Background: Although amivantamab has shown clinical benefits for non-small cell lung cancer (NSCLC) patients with epidermal growth factor receptor (EGFR) exon 20 insertions, its cost-effectiveness requires further investigation.

Aim: To evaluate the cost-effectiveness of amivantamab plus chemotherapy for the treatment of NSCLC patients with EGFR exon 20 insertions from the United States payer perspective.

Method: A partitioned survival model was developed based on the data from the PAPILLON trial. Costs were derived from the pricing files of Medicare and Medicaid Services and published literature, and utility values were derived from previous studies. A 3% annual discount rate was applied to both costs and outcomes. The primary outcome was the incremental cost-effectiveness ratio (ICER). One-way sensitivity analysis, probabilistic sensitivity analysis and scenario analysis, were conducted to test the model stability.

Results: Amivantamab plus chemotherapy yielded an additional 1.12 quality-adjusted life years (QALYs) while increasing costs by $483,769.50 relative to the chemotherapy regimen, leading to an ICER of $432,401.16/QALY. The combination of amivantamab with chemotherapy was not cost effective at a threshold of $150,000/QALY. In the scenario analysis, the results showed that the ICERs were $263,680.69/QALY and $418,416.35/QALY when different utility values and 10-year time horizons were adopted, respectively.

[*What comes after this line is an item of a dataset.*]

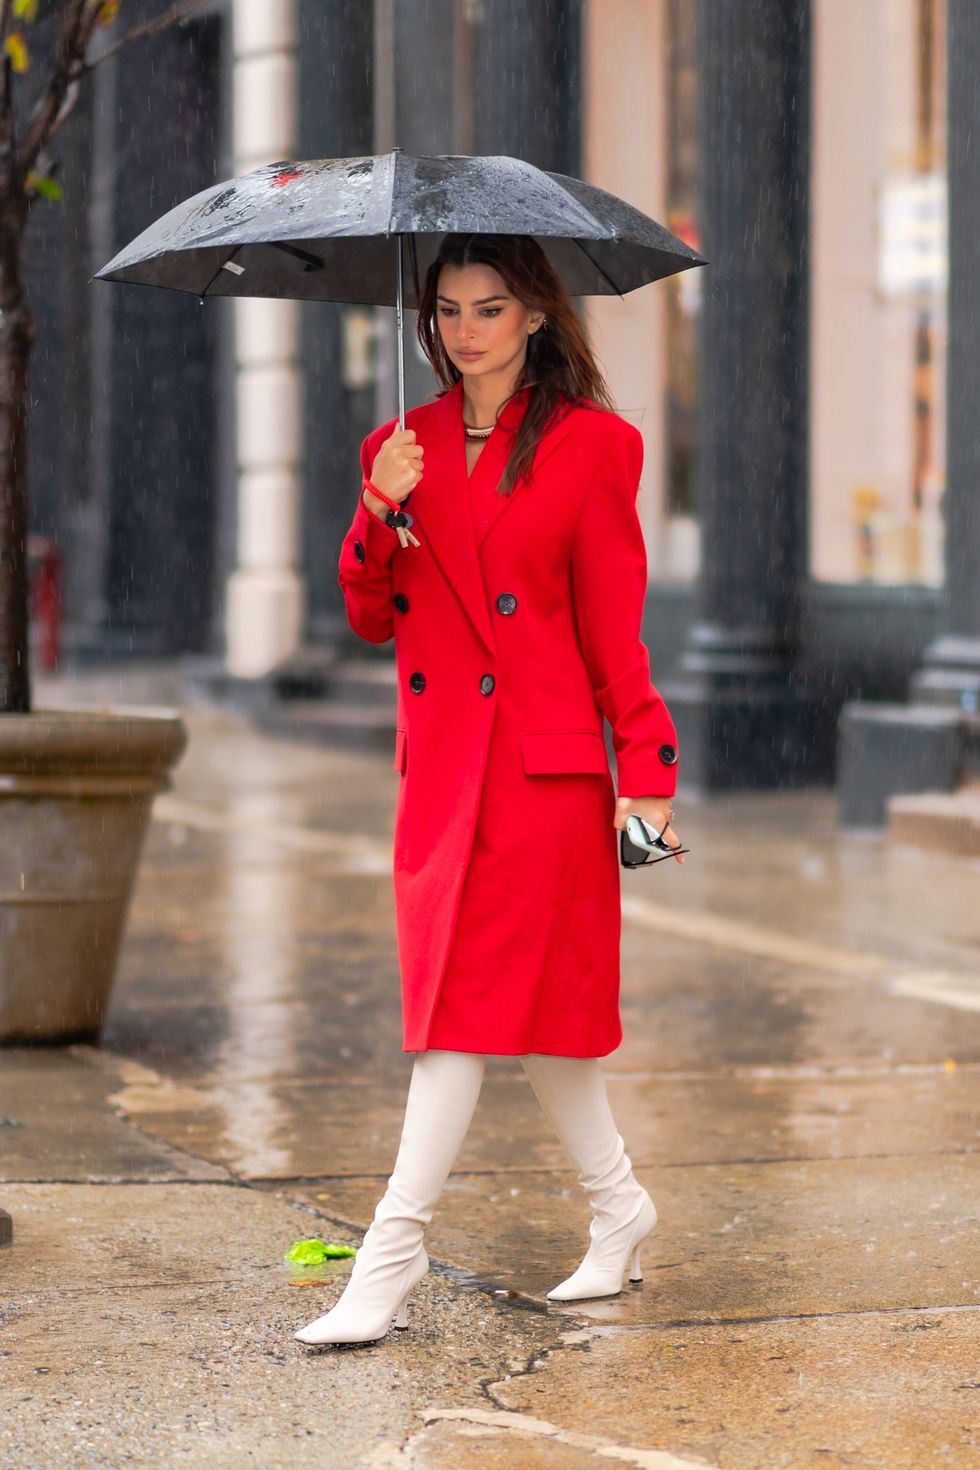 partícula Inclinado espiral Emily Ratajkowski con abrigo largo rojo y botas altas blancas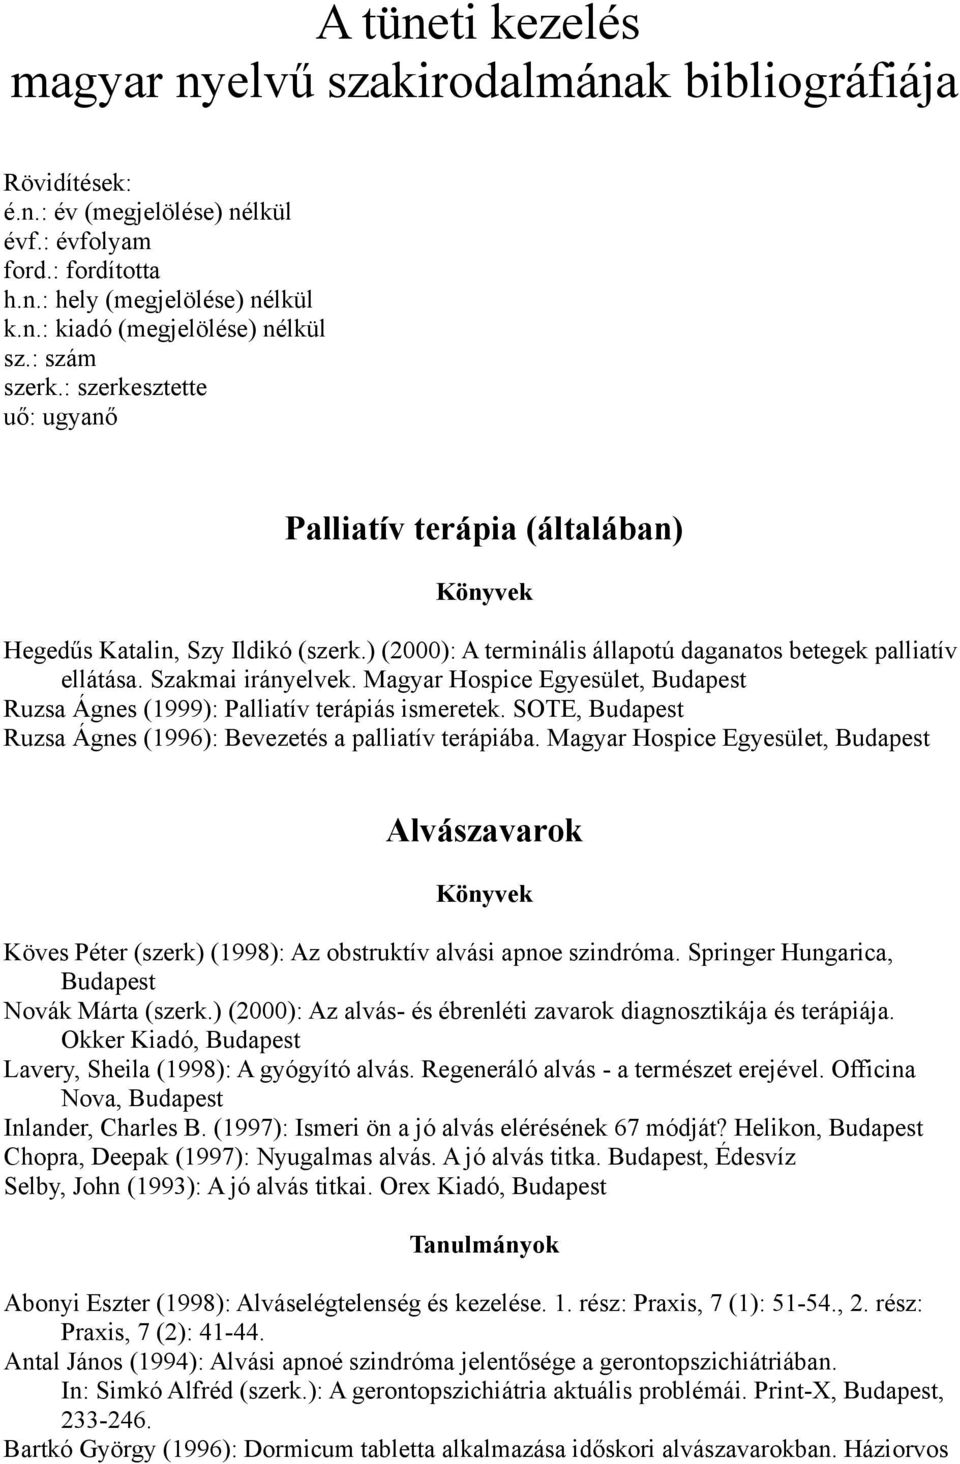 A tüneti kezelés magyar nyelvű szakirodalmának bibliográfiája - PDF  Ingyenes letöltés

For PSA, the probability that amivantamab plus chemotherapy would be cost-effective was 0% if the willingness-to-pay (WTP) threshold was $150,000/QALY.

Conclusion: Amivantamab plus chemotherapy is unlikely to be a cost-effective option for NSCLC patients with EGFR exon 20 insertions. Reducing the cost of amivantamab may produce favorable economic outcomes.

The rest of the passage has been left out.